• _What you should do_
The required output is the stretch from the line containing "bellissimo cavallo islandese" through the line containing "В Константиновке по" in the records below, unaltered and with no pictures.

• _Given data_
--- START ---
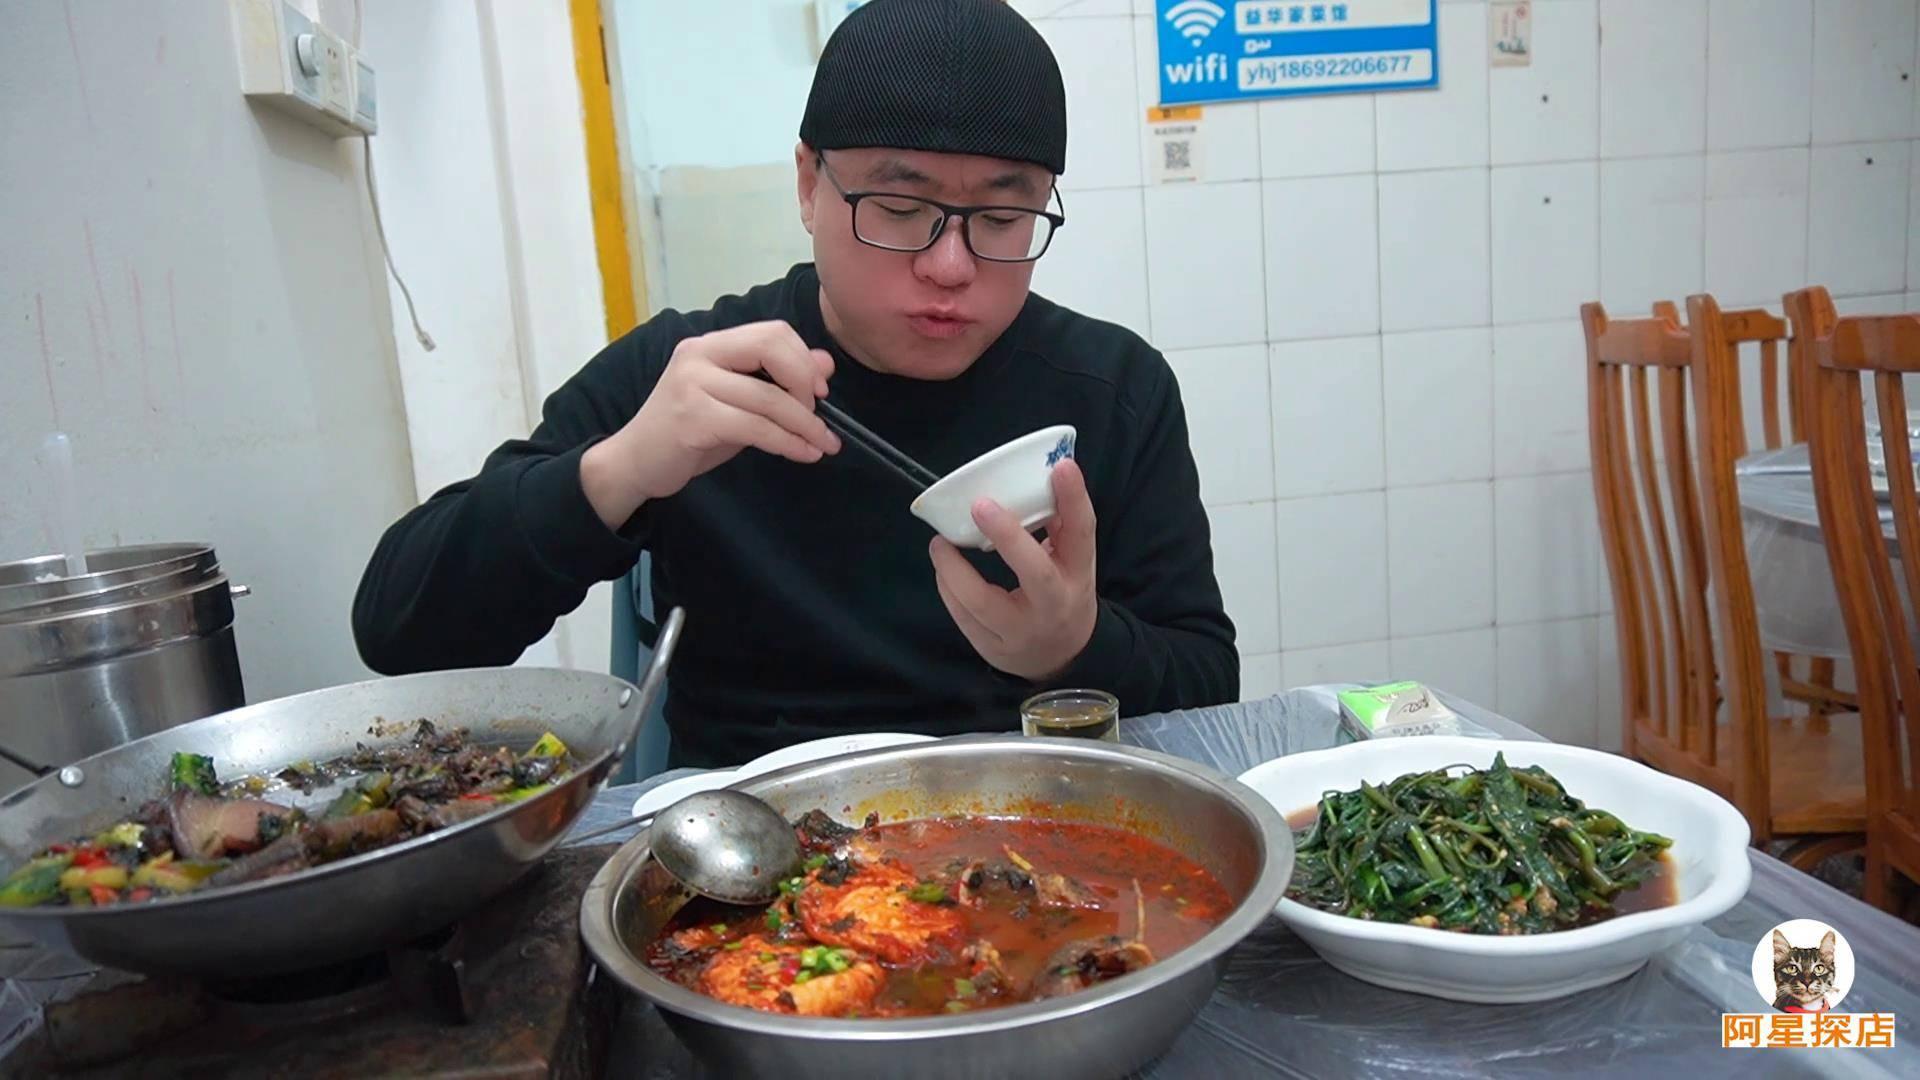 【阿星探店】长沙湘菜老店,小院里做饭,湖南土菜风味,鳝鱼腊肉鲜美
--- END ---
--- START ---
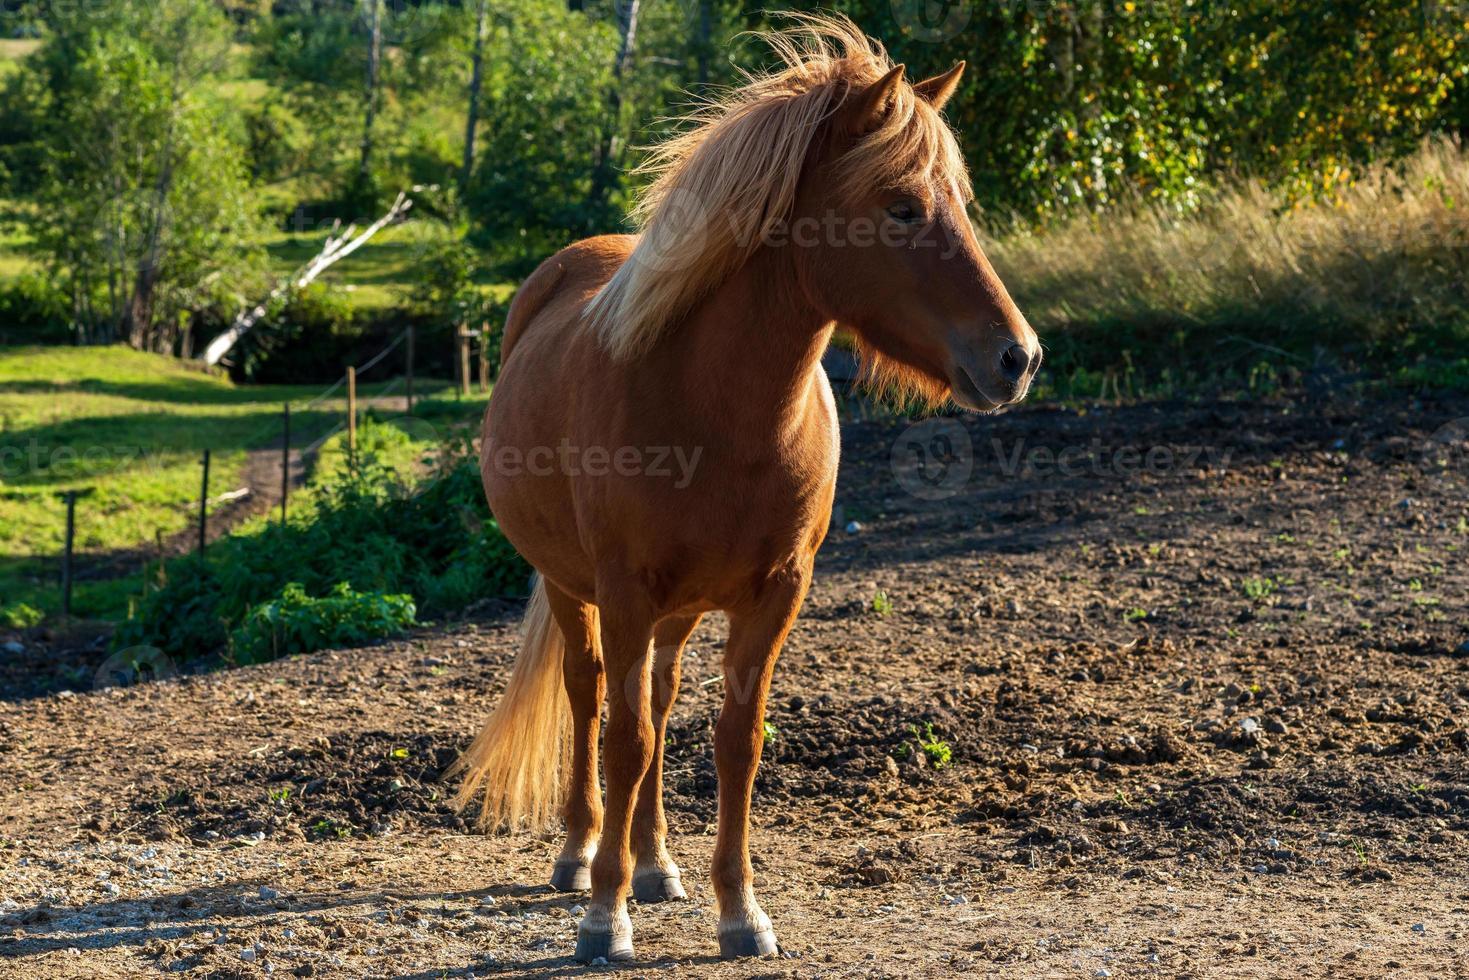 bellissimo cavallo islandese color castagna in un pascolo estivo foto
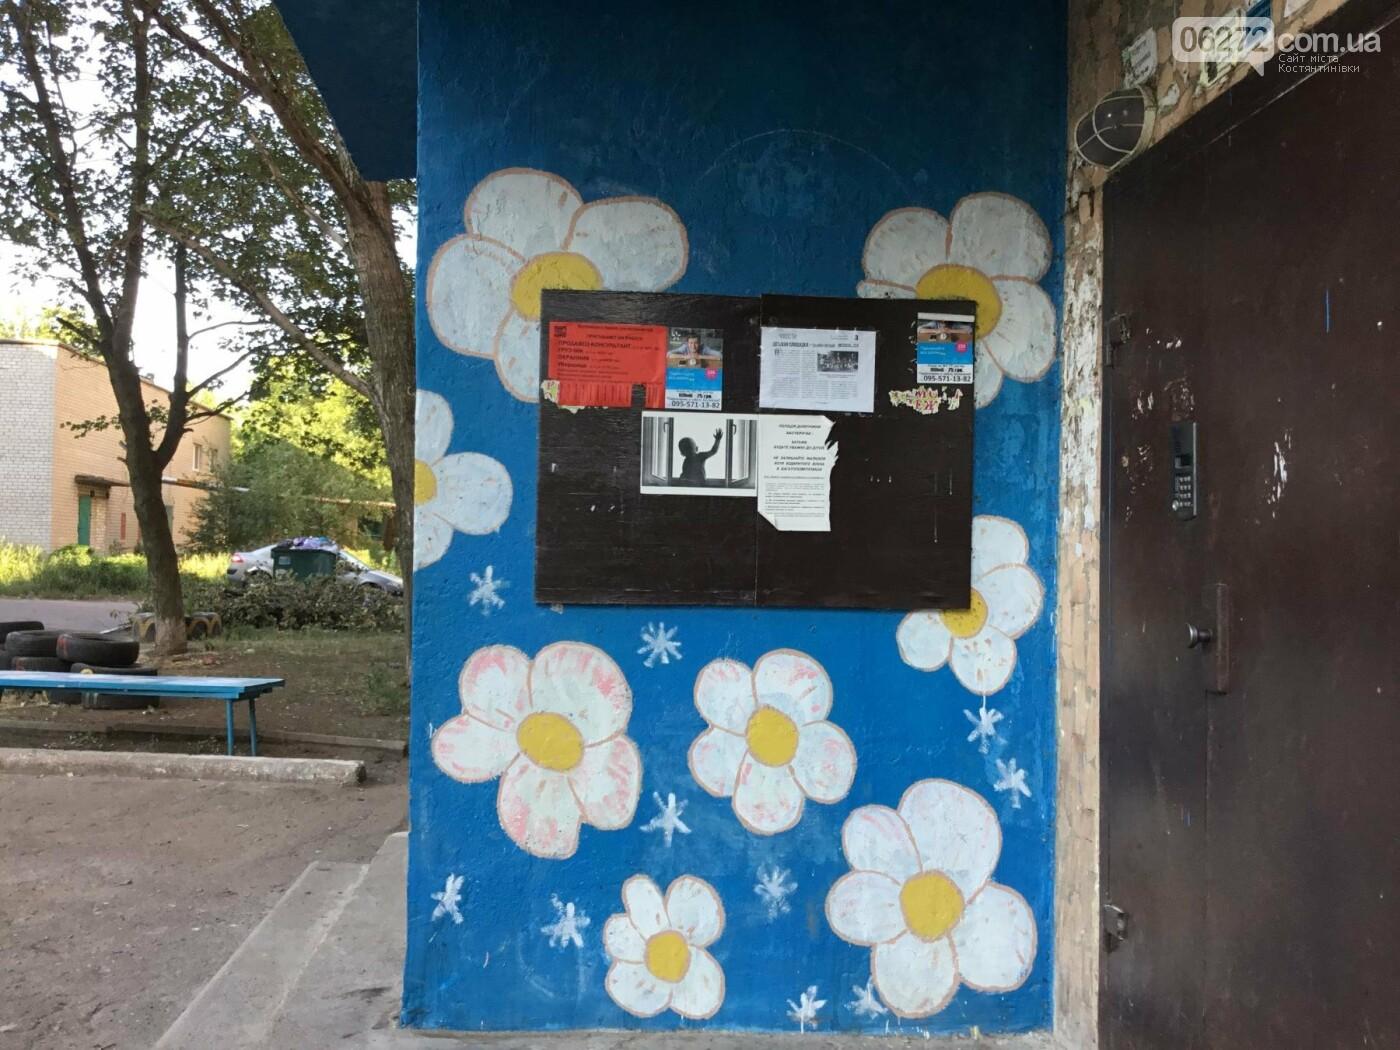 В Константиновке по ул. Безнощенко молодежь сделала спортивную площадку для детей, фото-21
--- END ---
--- START ---
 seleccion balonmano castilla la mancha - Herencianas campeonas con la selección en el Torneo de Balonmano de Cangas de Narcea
--- END ---
• _Solution to this task_
 bellissimo cavallo islandese color castagna in un pascolo estivo foto
 В Константиновке по ул. Безнощенко молодежь сделала спортивную площадку для детей, фото-21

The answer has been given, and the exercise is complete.